Google "We Have No Moat, And Neither Does OpenAI"

The leaked internal Google document discusses the emergence of open source language models that are surpassing the capabilities of even the most advanced proprietary models. The document highlights how open source models are faster, more customizable, more private, and more capable than their proprietary counterparts. Additionally, it argues that the emergence of open-source models could mean the end of the proprietary language model arms race and discusses how the open-source community has been able to make tremendous progress in developing and fine-tuning language models using techniques like low-rank adaptation (LoRA) that are underexploited inside Google. Finally, the writer encourages Google to prioritize enabling third-party integrations and consider where [Google's] value-add really is.

Specifying Hallucinations

The paper "Specifying Hallucinations with Limited Linear Memory Machines" proposes a new approach to the generation of hallucinations in artificial intelligence systems. The authors suggest using Limited Linear Memory Machines (LLMMs) to generate hallucinations based on specific user input. LLMMs are a type of neural network that can learn and generate patterns with limited memory capacity.
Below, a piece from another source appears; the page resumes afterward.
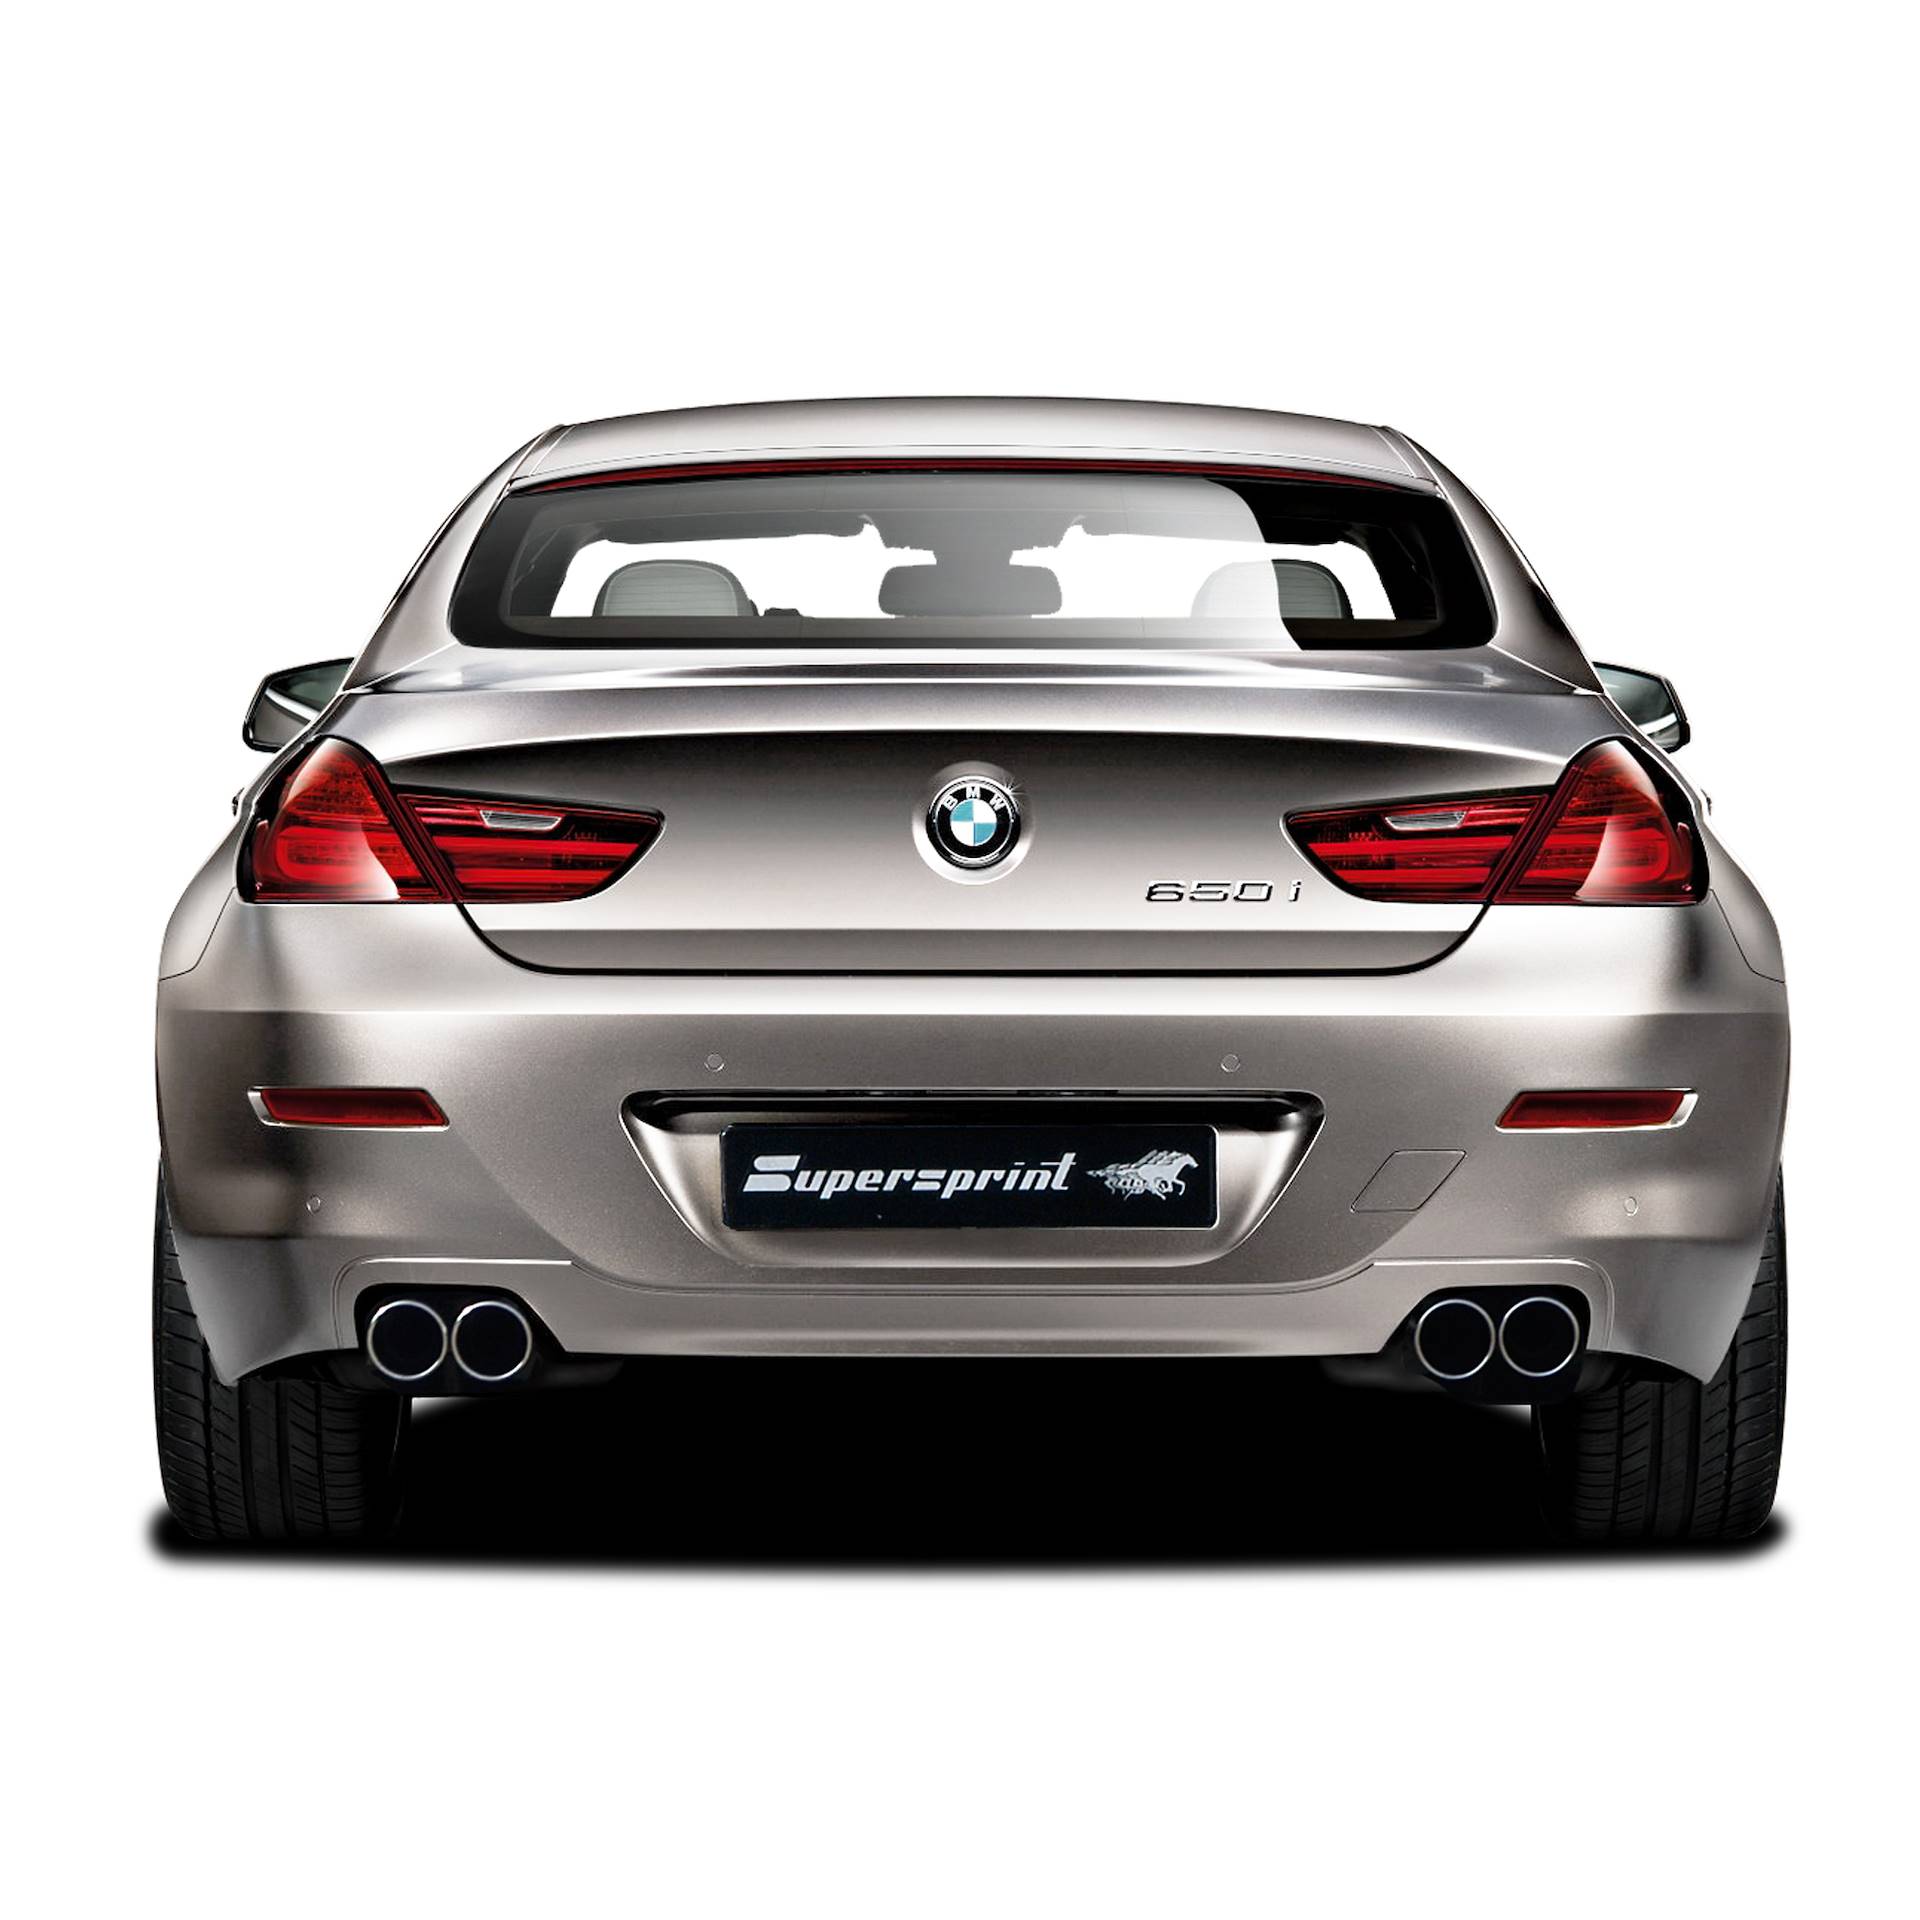 Performance sport exhaust for BMW F06 650i Gran Coupè xDrive, BMW F06 650i  Gran Coupè xDrive (450 Hp) 2012 -> 2017, BMW, exhaust systems
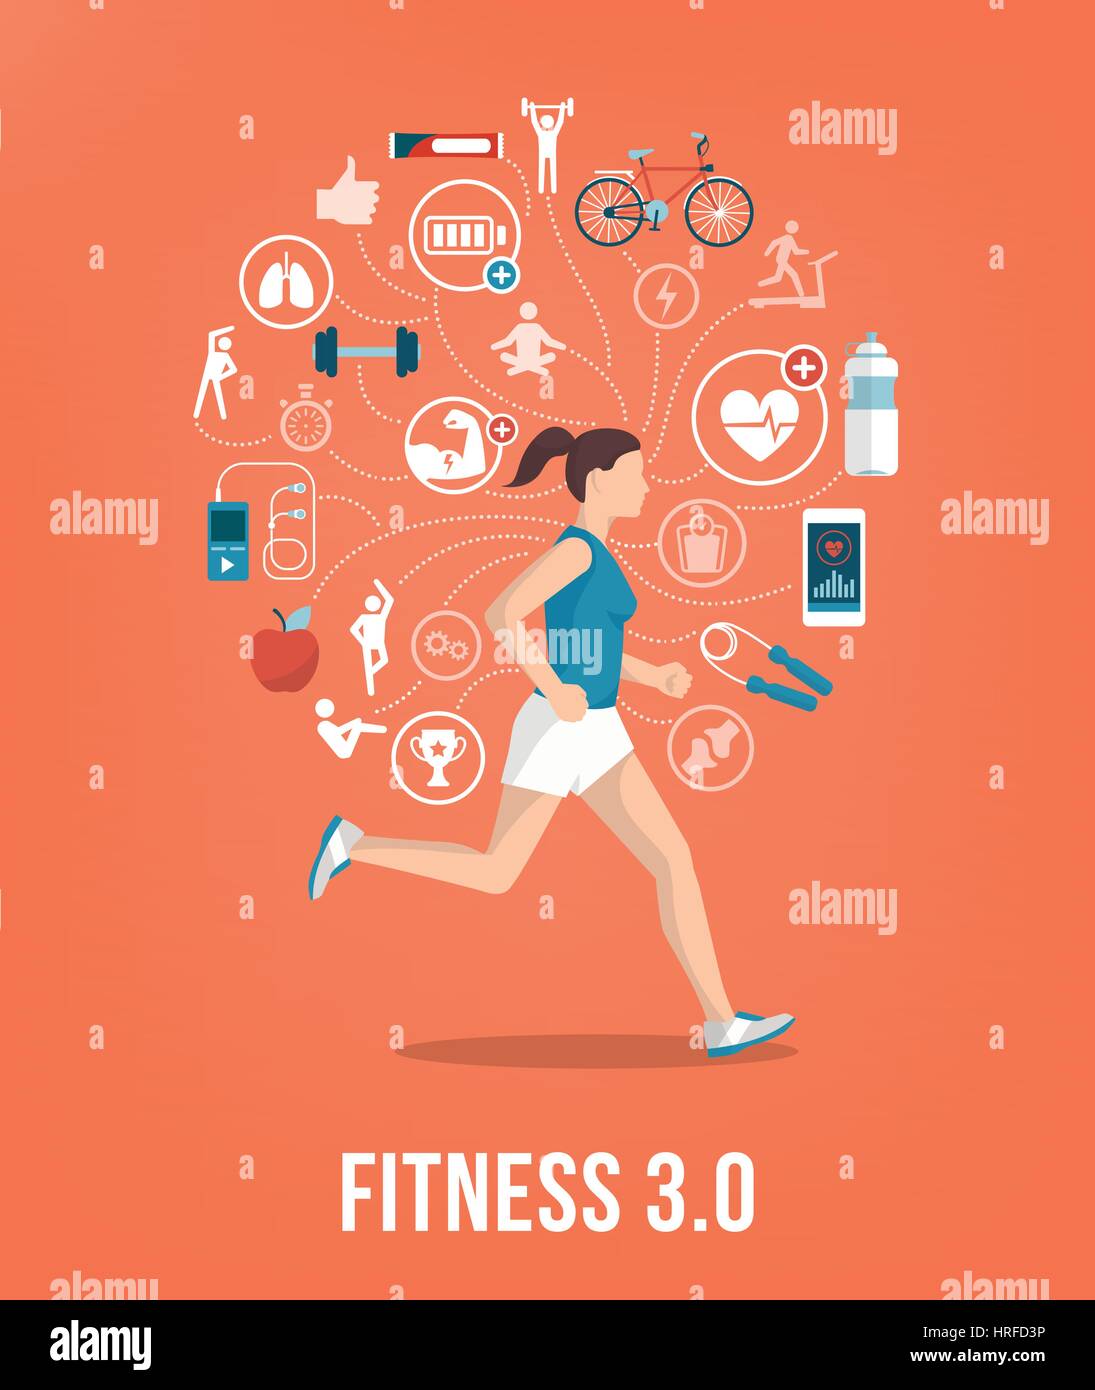 Athletic young woman running surrounded by fitness concepts and icons Stock Vector

The authors demonstrate how LLMMs can be used to generate hallucinations in response to user input and show that this approach can produce diverse and creative hallucinations that are specific to the user's input. They also discuss potential applications for this technology, including in the field of creative art and music. The paper concludes by outlining some of the limitations and challenges that still need to be addressed in order to further develop this technology.

An Archaeology of Books Known to ChatGPT/GPT-4

In this work, researchers carry out a data archaeology to infer books that are known to ChatGPT and GPT-4. They found that OpenAI models have memorized a wide collection of copyrighted materials, and that the degree of memorization is tied to the frequency with which passages of those books appear on the web. The ability of these models to memorize an unknown set of books complicates assessments of measurement validity for cultural analytics by contaminating test data; they show that models perform much better on memorized books than on non-memorized books for downstream tasks. The researchers argue that this supports a case for open models whose training data is known.

Distilling Step-by-Step! Outperforming Larger Language Models with Less Training Data and Smaller Model Sizes

Deploying large language models (LLMs) is challenging because they are memory inefficient and compute-intensive for practical applications. In reaction, researchers train smaller task-specific models by either fine-tuning with human labels or distilling using LLM-generated labels. However, fine-tuning and distillation require large amounts of training data to achieve comparable performance to LLMs.

Introducing Distilling step-by-step, a new mechanism that (a) trains smaller models that outperform LLMs, and (b) achieves so by leveraging less training data needed by fine-tuning or distillation.

Building Better Large Language Models - Key Concepts for Prompting and Fine Tuning

This short video provides an introduction to zero-shot and few-shot learning methods and the role of in-context learning and emergence. For fine-tuning, the video explains instruction tuning, reinforcement learning with human feedback, reinforcement learning with AI feedback, and parameter efficient fine tuning.